Phage lambda vectors such as l gt10, gt11 and derivative such as l ZAP are non-mobilisable, as are all M13 vectors in a host with a tra-F plasmid (most, but not XL1-Blue, DH20, DH21, NM522, SURE).

Detailed advice on the use of virus vectors is given in part 2 of the compendium.

Plants
The following list represents assessments which have been carried out on plant species commonly used as sources of nucleic acids for GM work and as hosts for genetic transformations.

Tobacco (Nicotiana tabacum) - Tobacco plants, and particularly the leaves, store the highly toxic alkaloid nicotine. Small quantities are also found in seeds and presumably other tissues. Nicotine is the final product of a multi-enzyme pathway the genes for which are unlikely to be cloned and expressed together in any of the hosts. It is highly improbable that this compound or any related substance could ever be synthesised in the hosts. Reference source: A Colour Atlas of Poisonous Plants by Frohne-Pfander

Cassava (Manihot esculenta) - This species is a food crop plant that is cultivated in the humid tropics. All parts of the plants contain cyanogenic glycosides, which can release hydrogen cyanide upon damage to the plant. Cyanine can produce toxic effects in humans and other species if parts of the plant are eaten without appropriate preparation. The cyanogenic glycosides are the product of complex multi-enzyme pathways, and therefore their synthesis within any of the cloning systems described here is highly improbable.
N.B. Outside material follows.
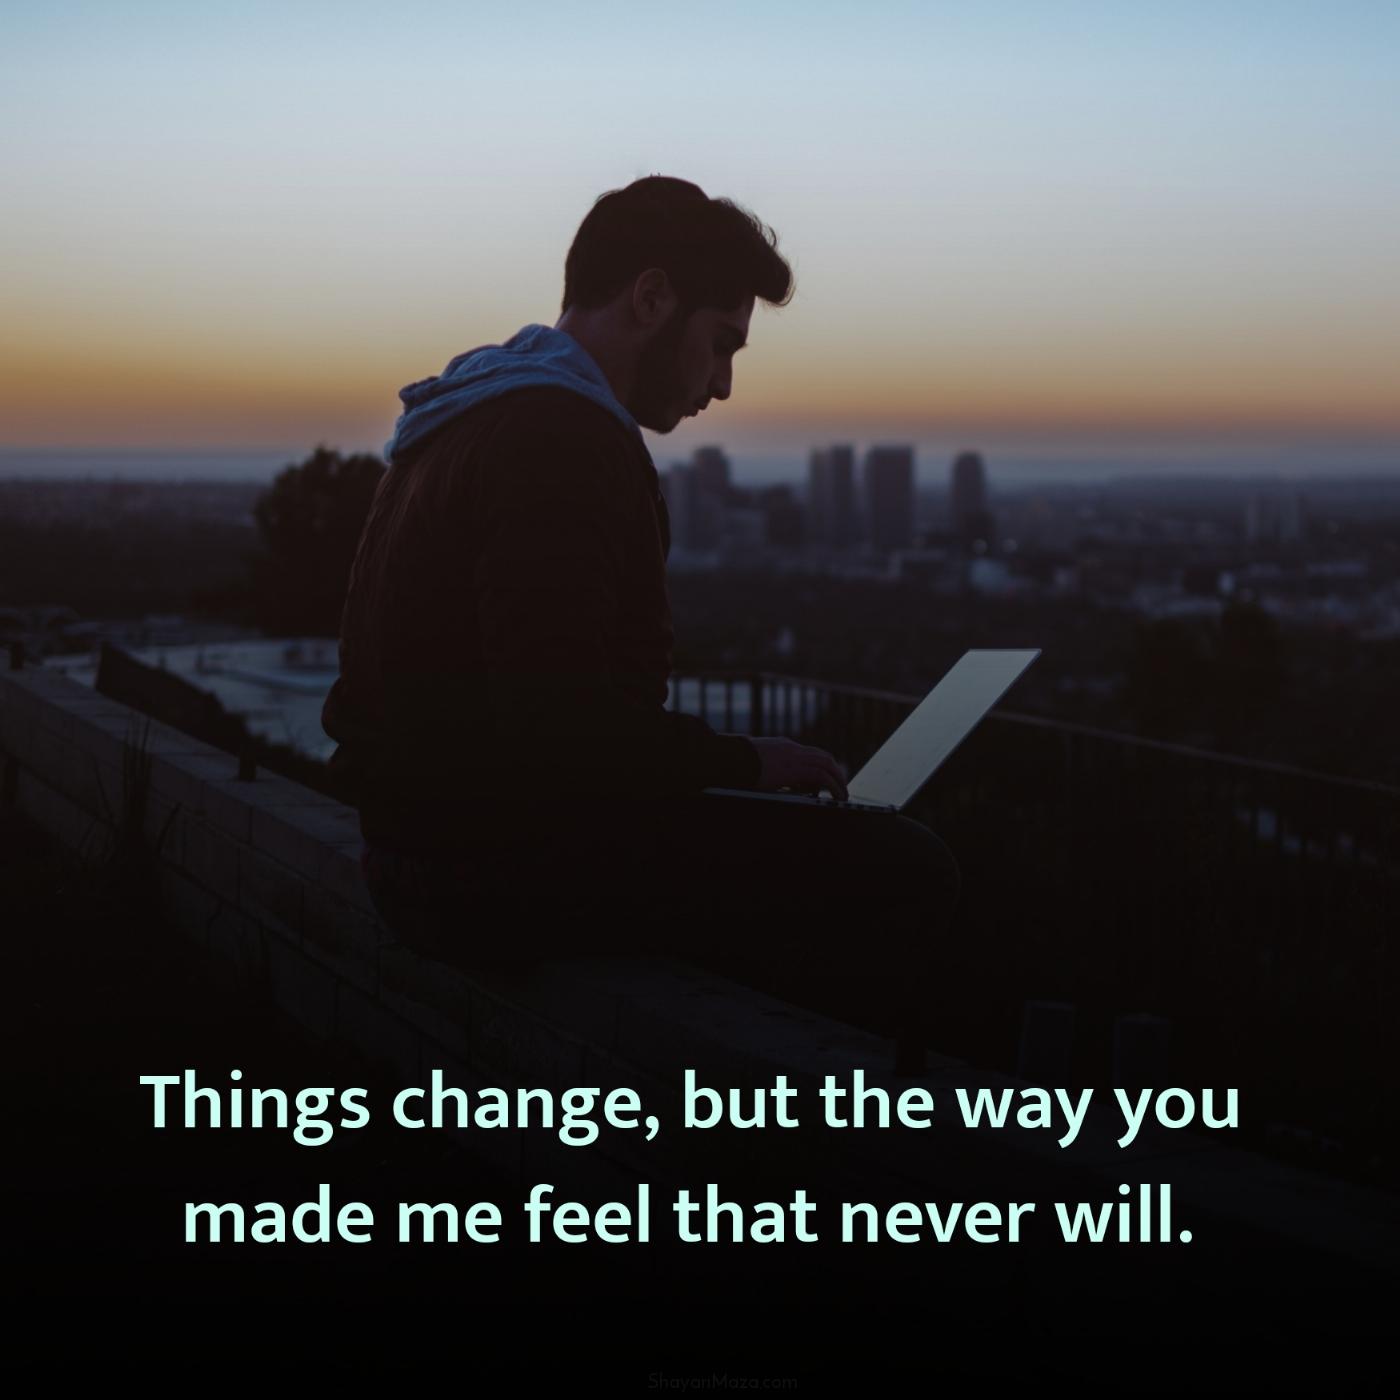 Things change but the way you made me feel that never will
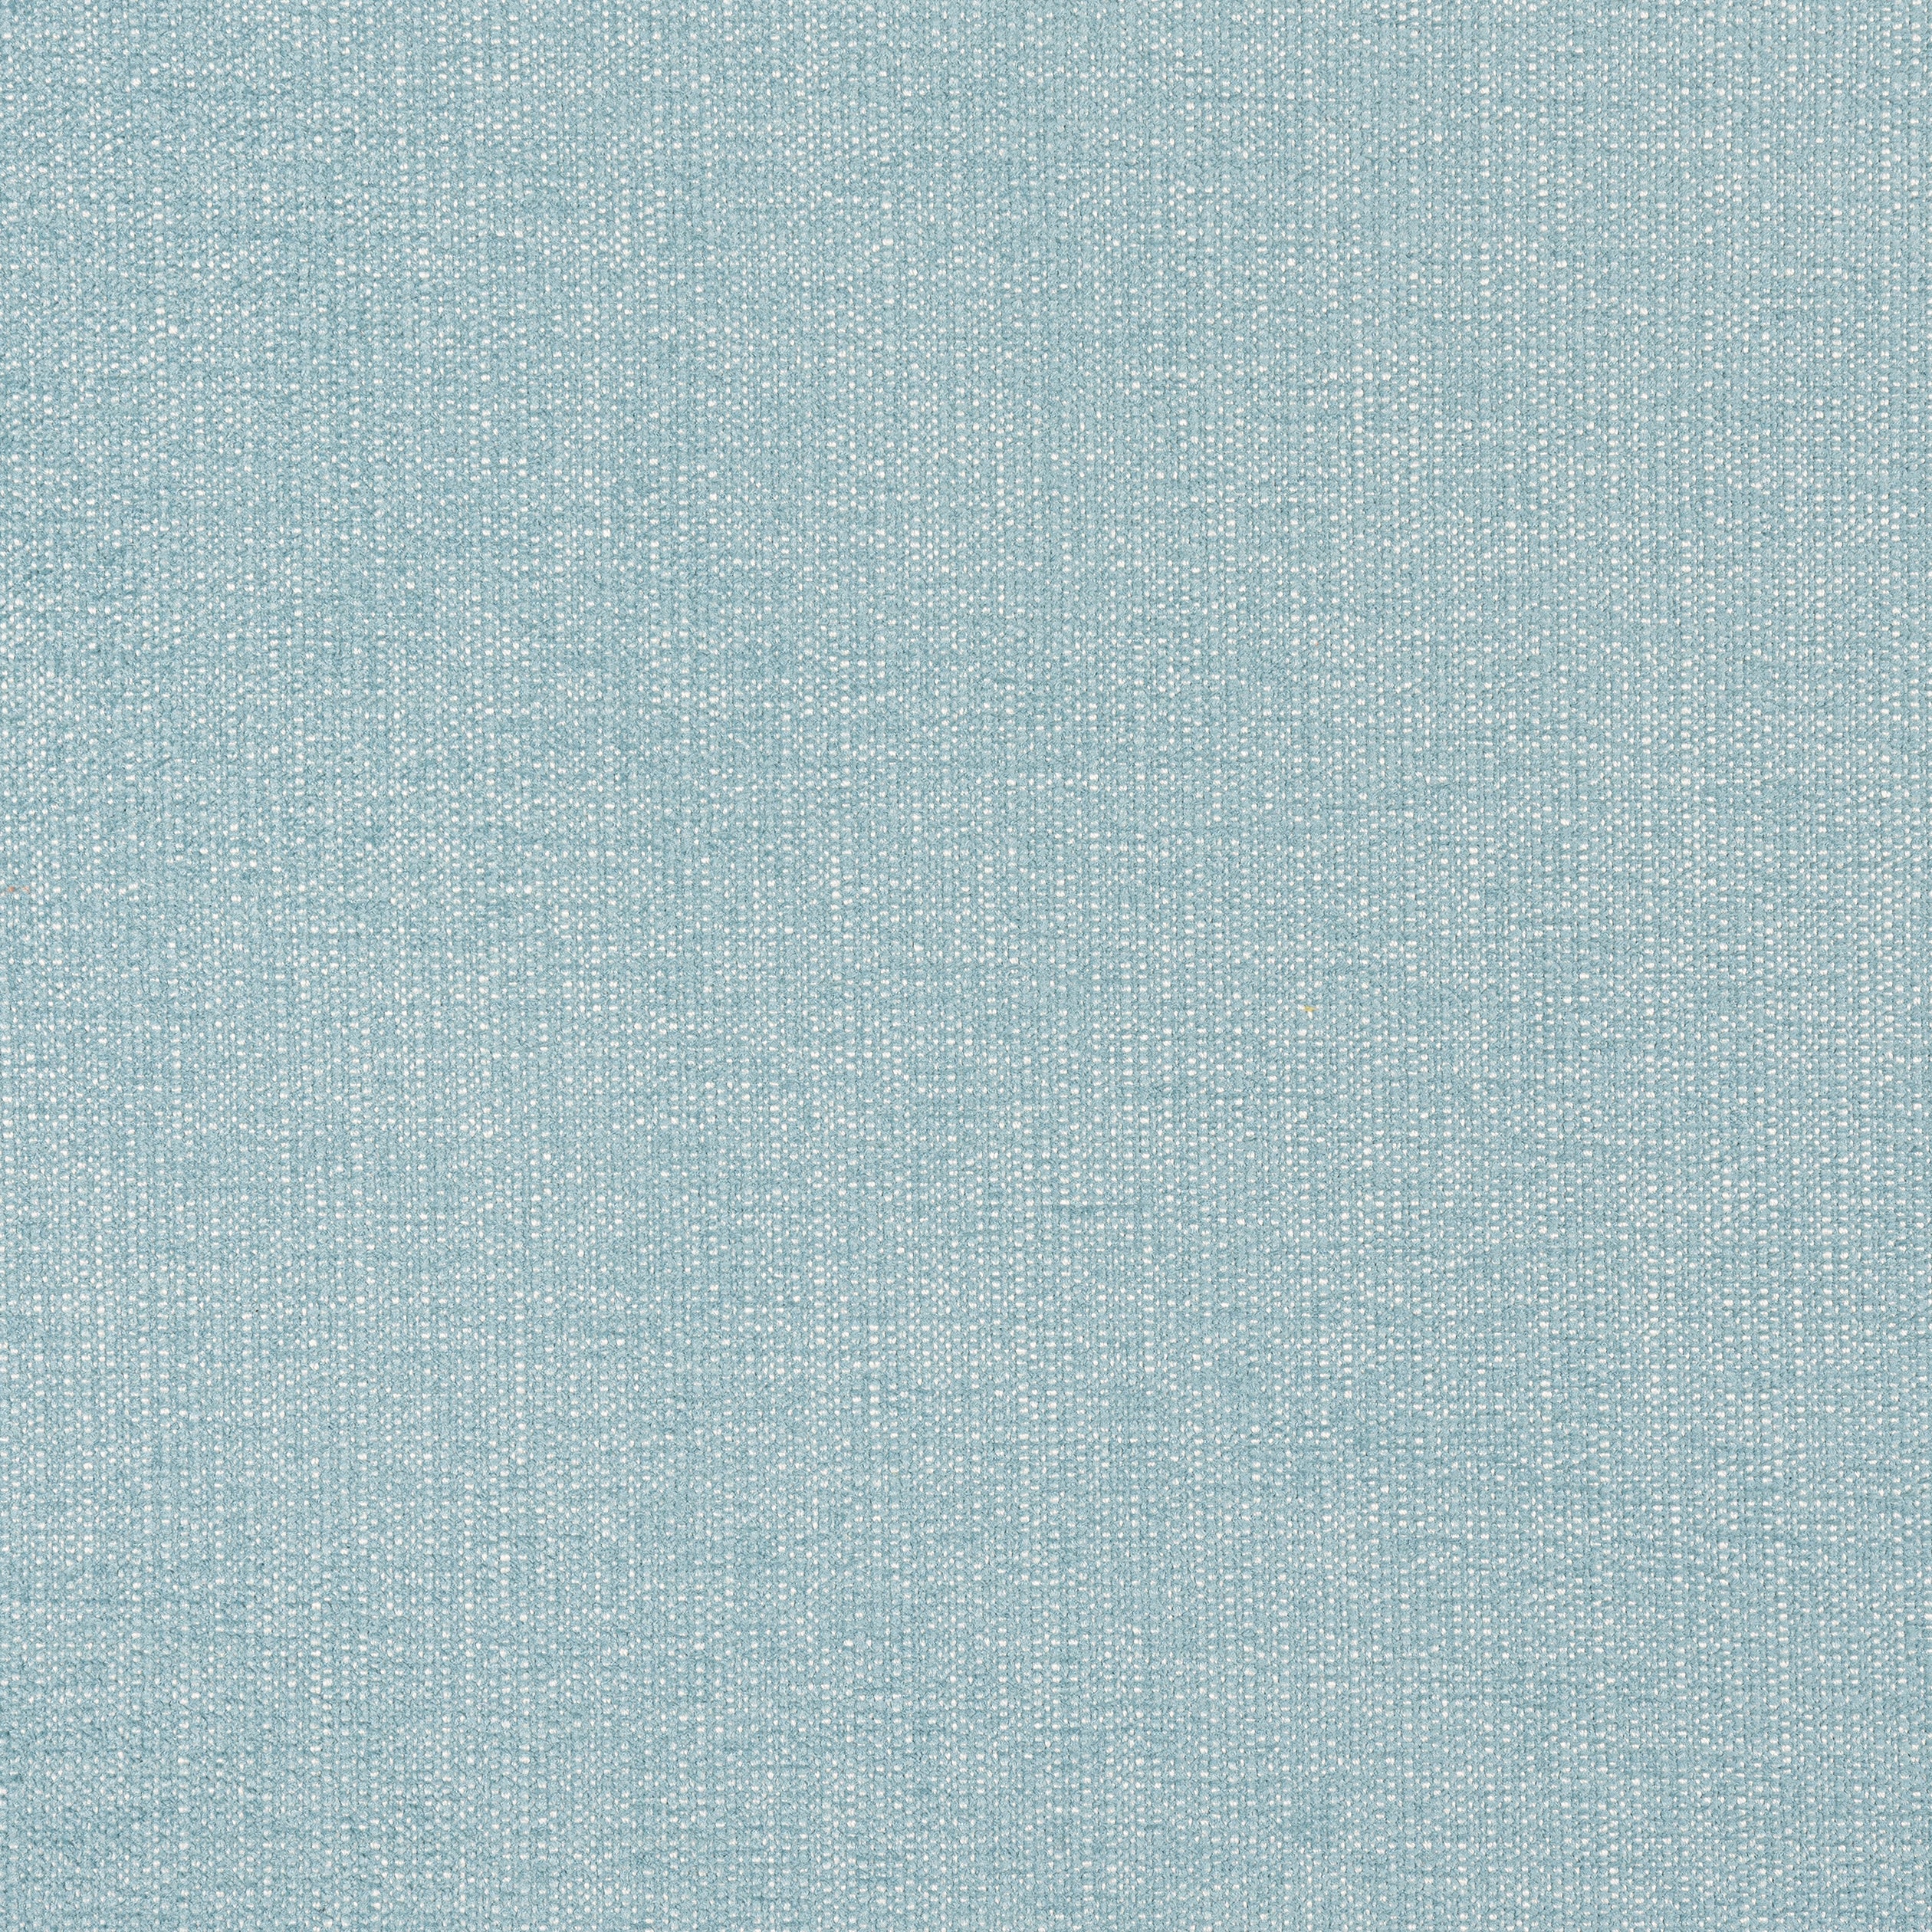 Veda fabric in seaglass color - pattern number W8720 - by Thibaut in the Haven Textures collection

Rice (Oryza sativa) - This is a cultivated crop species used for food production. It does not contain any toxic compounds so far as is known. The seeds are only ever consumed after extensive heat treatment (boiling). It is inconceivable that any deleterious product could arise from cDNA or genomic library production.

Thale cress(Arabidopsis thaliana) - This is a cruciferous plant and probably contains several glucosinolates which are deleterious if consumed under certain conditions, however, other cruciferous plants such as cabbage are eaten in large amounts without deleterious effects. These compounds are products of complex pathways and it is therefore unlikely that such products could arise as a result of cDNA cloning in bacterial hosts. Reference source: Effects of poisonous plants in livestock. Keller et al. 1978.

Arabidopsis lyrata as for Arabidopsis thaliana.

Cardaminopsis arenosa as for Arabidopsis thaliana.

Arabis holboellii as for Arabidopsis thaliana.

Maize (Zea mays) - This is a cultivated crop species. The seeds are eaten by humans and the whole plant is used as animal feed without any undesirable effect. It is unlikely that any deleterious product could arise from cDNA or genomic library production.

Personnel proposals

The crucial aspect of relevant experience is the all-important section of the proforma. That is why (with 'Markup' activetaed in the Word document) we have given examples of what is needed.